- Directed by: Cathal Ó Cuaig
- Produced by: Cathal Ó Cuaig]
- Starring: Tony MacMahon
- Cinematography: Séamus Deasy
- Edited by: Ronnie Quinlan
- Release date: 28 March 2019;
- Running time: 52 minutes
- Country: Ireland
- Language: English & Irish

= Slán leis an gCeol =

Slán leis an gCeol (lit. 'Farewell to Music') is a 2019 film documenting the life of Tony MacMahon, an Irish traditional musician. The film was directed and produced by Irish filmmaker Cathal Ó Cuaig.

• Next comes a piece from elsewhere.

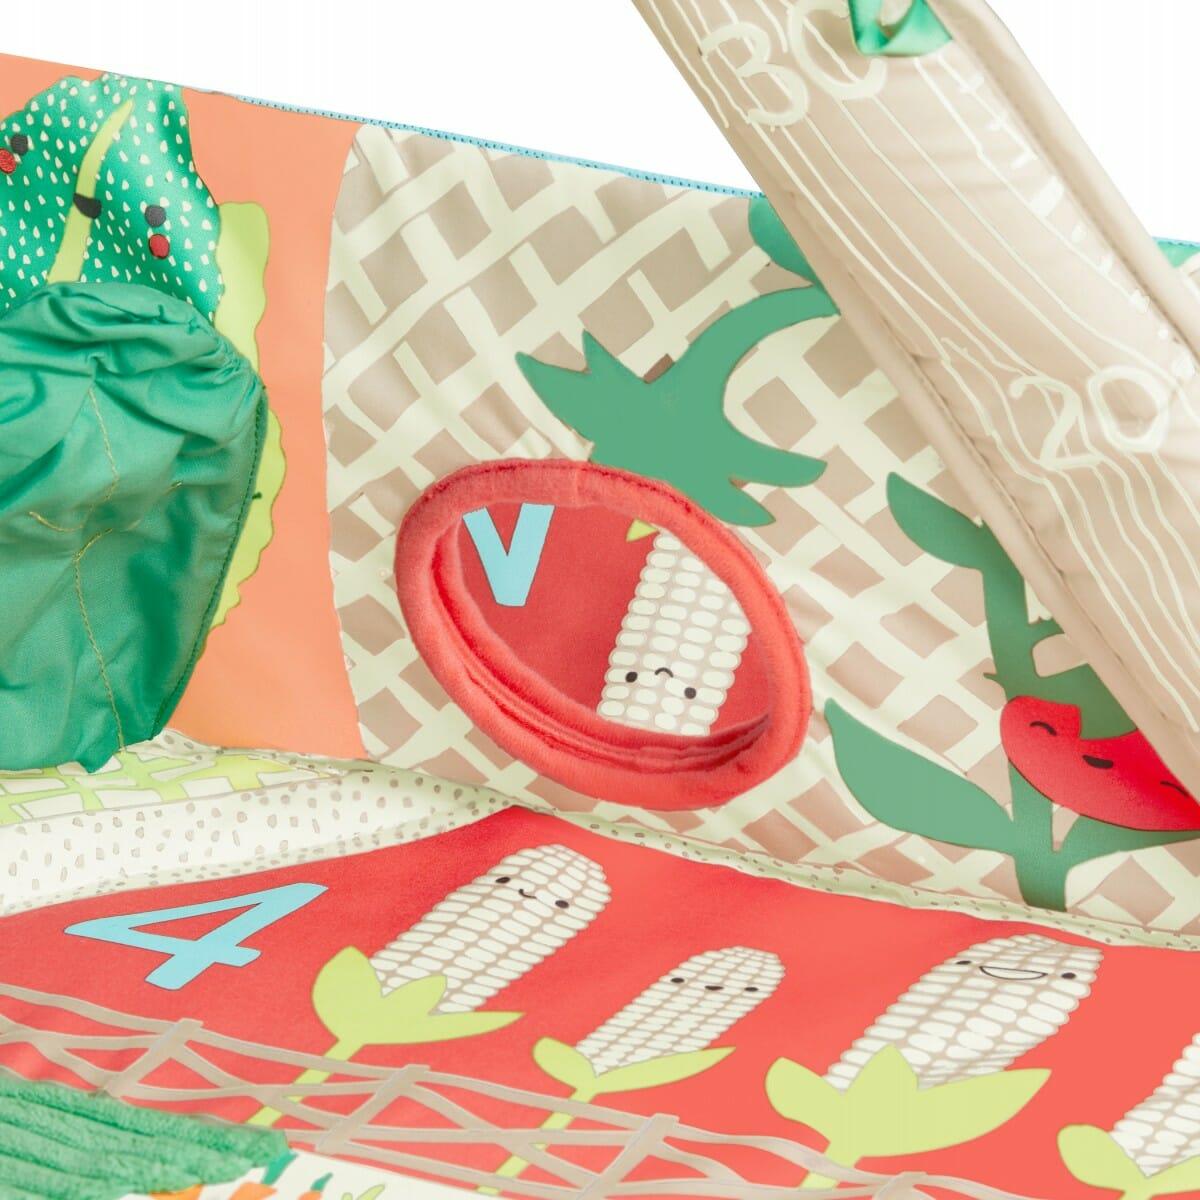 Skip Hop Farmstand Grow & Play Activity Gym Closeup
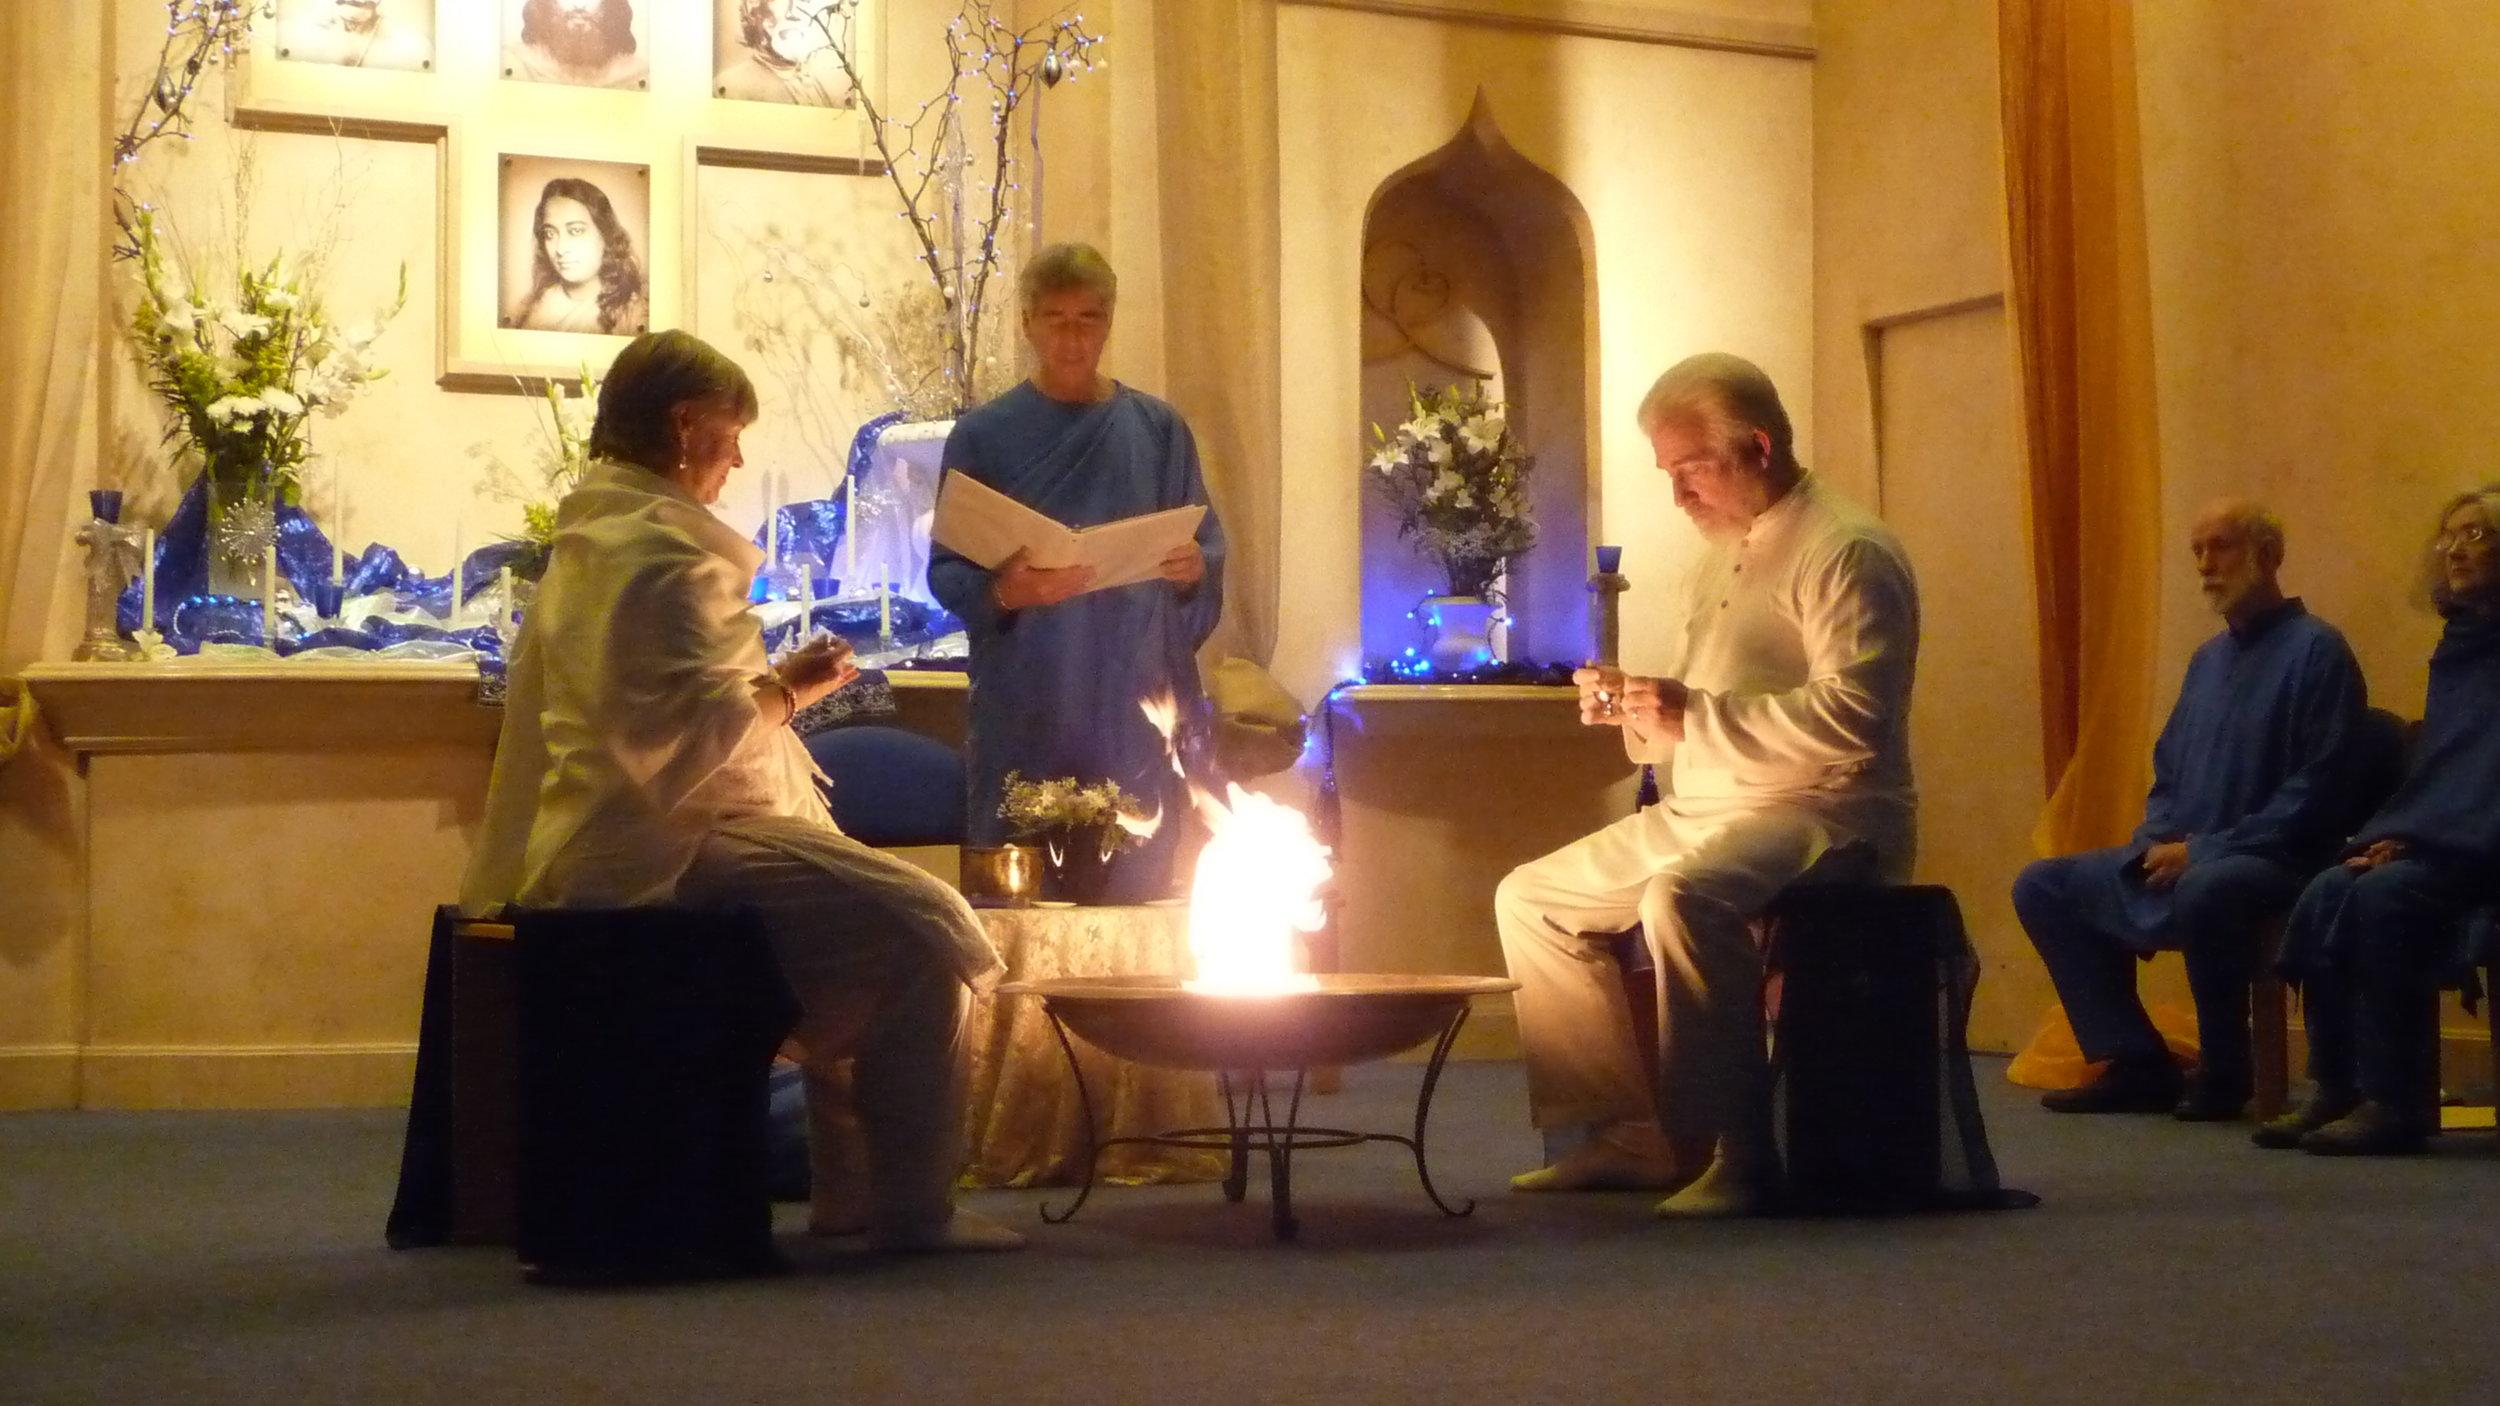 2012 initiation: Lahari and Biraj taking Nayaswami vows

The film premiered at the Temple Bar TradFest on the 26 January 2019 and was attended by the President of Ireland Michael D. Higgins as guest of honour. This screening was followed by a Q&A with Tony MacMahon and Cathal Ó Cuaig, hosted by Tristan Rosenstock. It also was shown at the 2019 Dingle International Film Festival on 24 March 2019. It was first broadcast on RTÉ One television on the 28 March 2019.

It won the Celtic Media Festival's Torc Award for Excellence in the Arts category in 2020. It has also won the European Prix CIRCOM Regional Programme Award in 2020 in the Music & Arts category.

The film was broadcast on Croatian Television Broadcaster HRT on 14 May 2021. On 15 June 2021, the Galician Television Channel CRTVG also broadcast the film.